The solution to this is twofold. If you can, use a token-aware client like Astyanax. By talking directly to the nodes containing the data item, this client effectively bypasses the coordinator problem. In addition you should baseline the response time of Cassandra requests on the server nodes and alert yourself if a node slows down. Funnily enough bringing down the node would solve the problem temporarily because Cassandra will deal with that issue nearly instantaneously.
Too many read round trips/Too much data read
Another typical performance problem with Cassandra reminds us of the SQL days and is typical for Cassandra beginners. It is a database design issue and leads to transactions that make too many requests per end-user transaction or read too much data. This is not a problem for Cassandra itself, but the simple fact of making many requests or reading more data slows down the actual transaction. While this issue can be easily monitored and discovered with an APM solution, the fix is not as trivial as in most cases it requires a change of code and the data model.
Hadoop and Cassandra are both very scalable systems!
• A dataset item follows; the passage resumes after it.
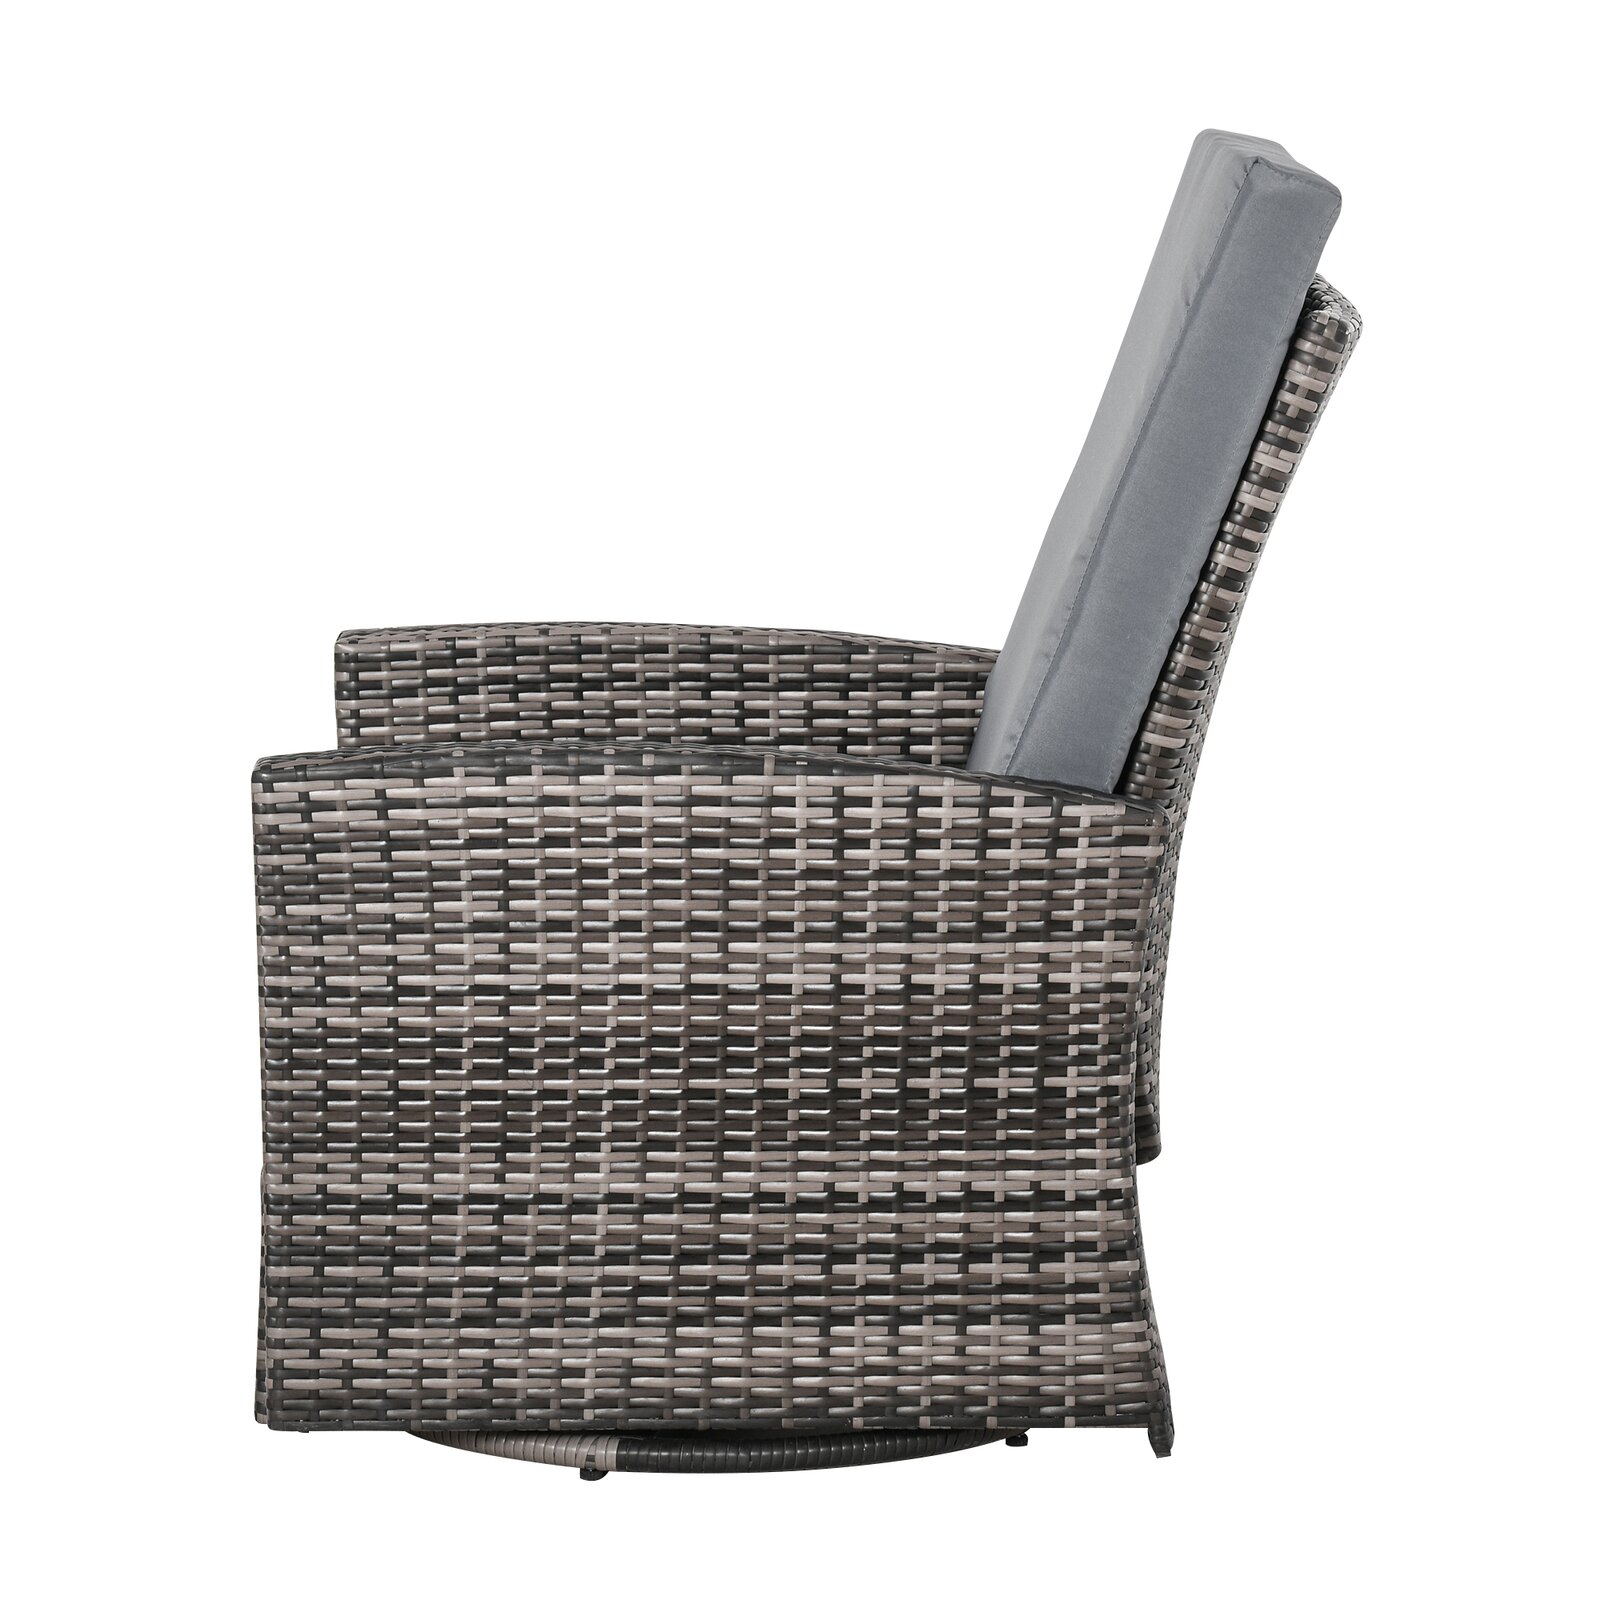 Harrill Swivel Recliner Patio Chair with Cushions, Reclining: Yes, Outer Frame Material: Wicker/Rattan - image 4 of 5
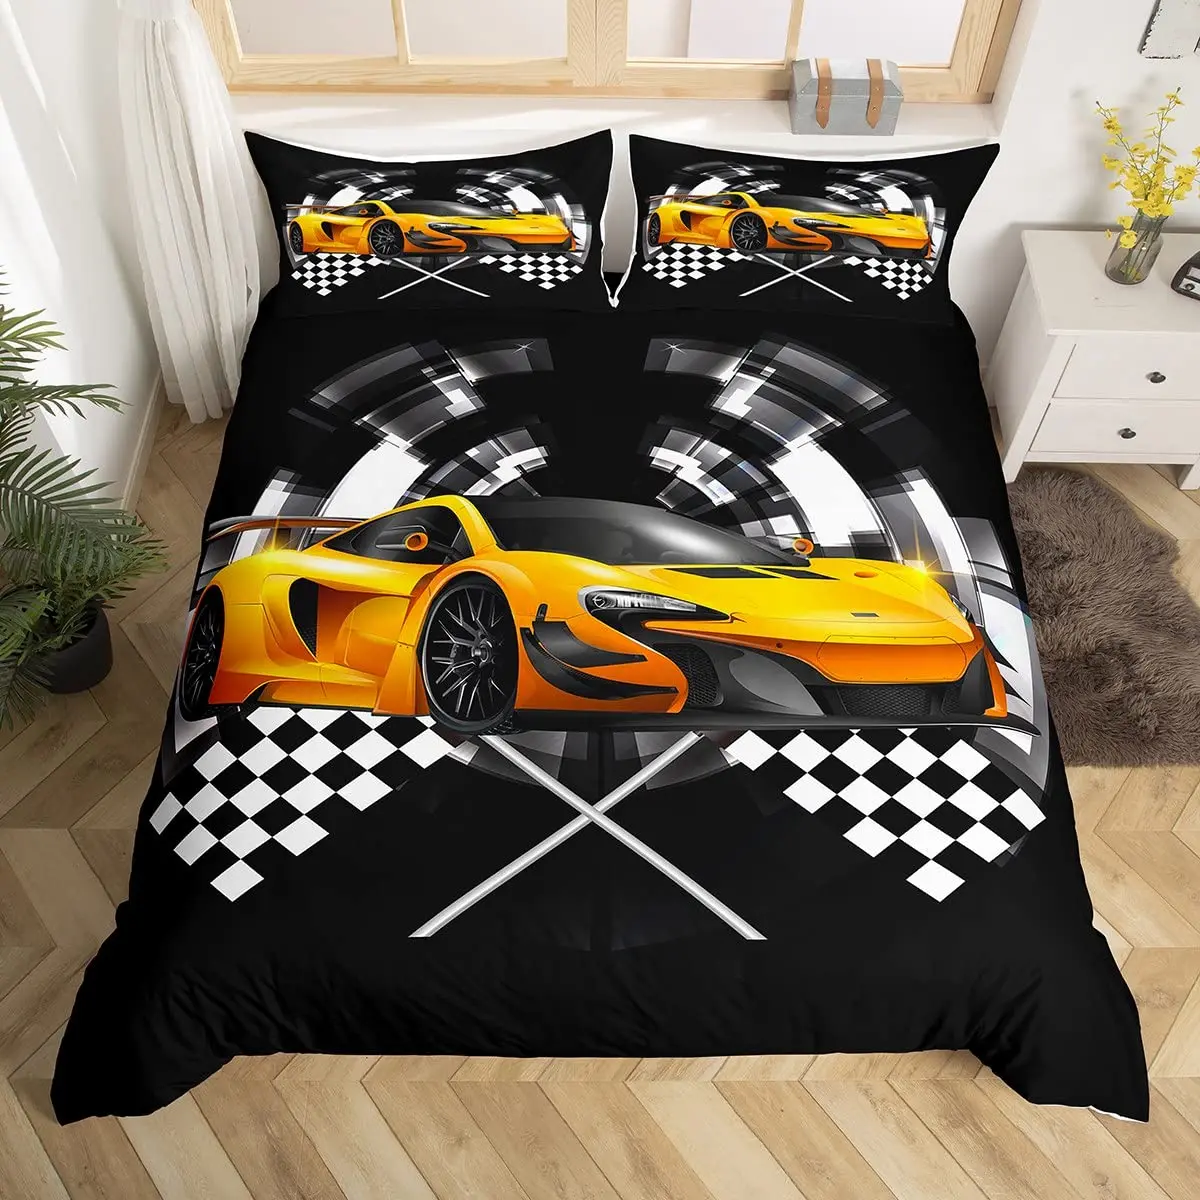 Race Car Duvet Cover for Kids Boys Teen Men Cool Speed Racing Car Automobile Print Sports Game Theme Duvet Cover with Pillowcase

But as often stated scalability does not solve performance efficiency issues and as such neither of these systems is immune to such problems, nor to simple misuse.
Some of the prevalent performance problems are very specific to these systems and we have not seen them in more traditional systems. Other issues are not really new, except for fact that they now occur in systems that are tremendously more distributed and bigger than before. The very scalability and size makes these problems harder to diagnose (especially in Hadoop) while often having a very high impact (as in bringing down a Cassandra cluster). Performance experts can rejoice, they will have a job for a long time to come.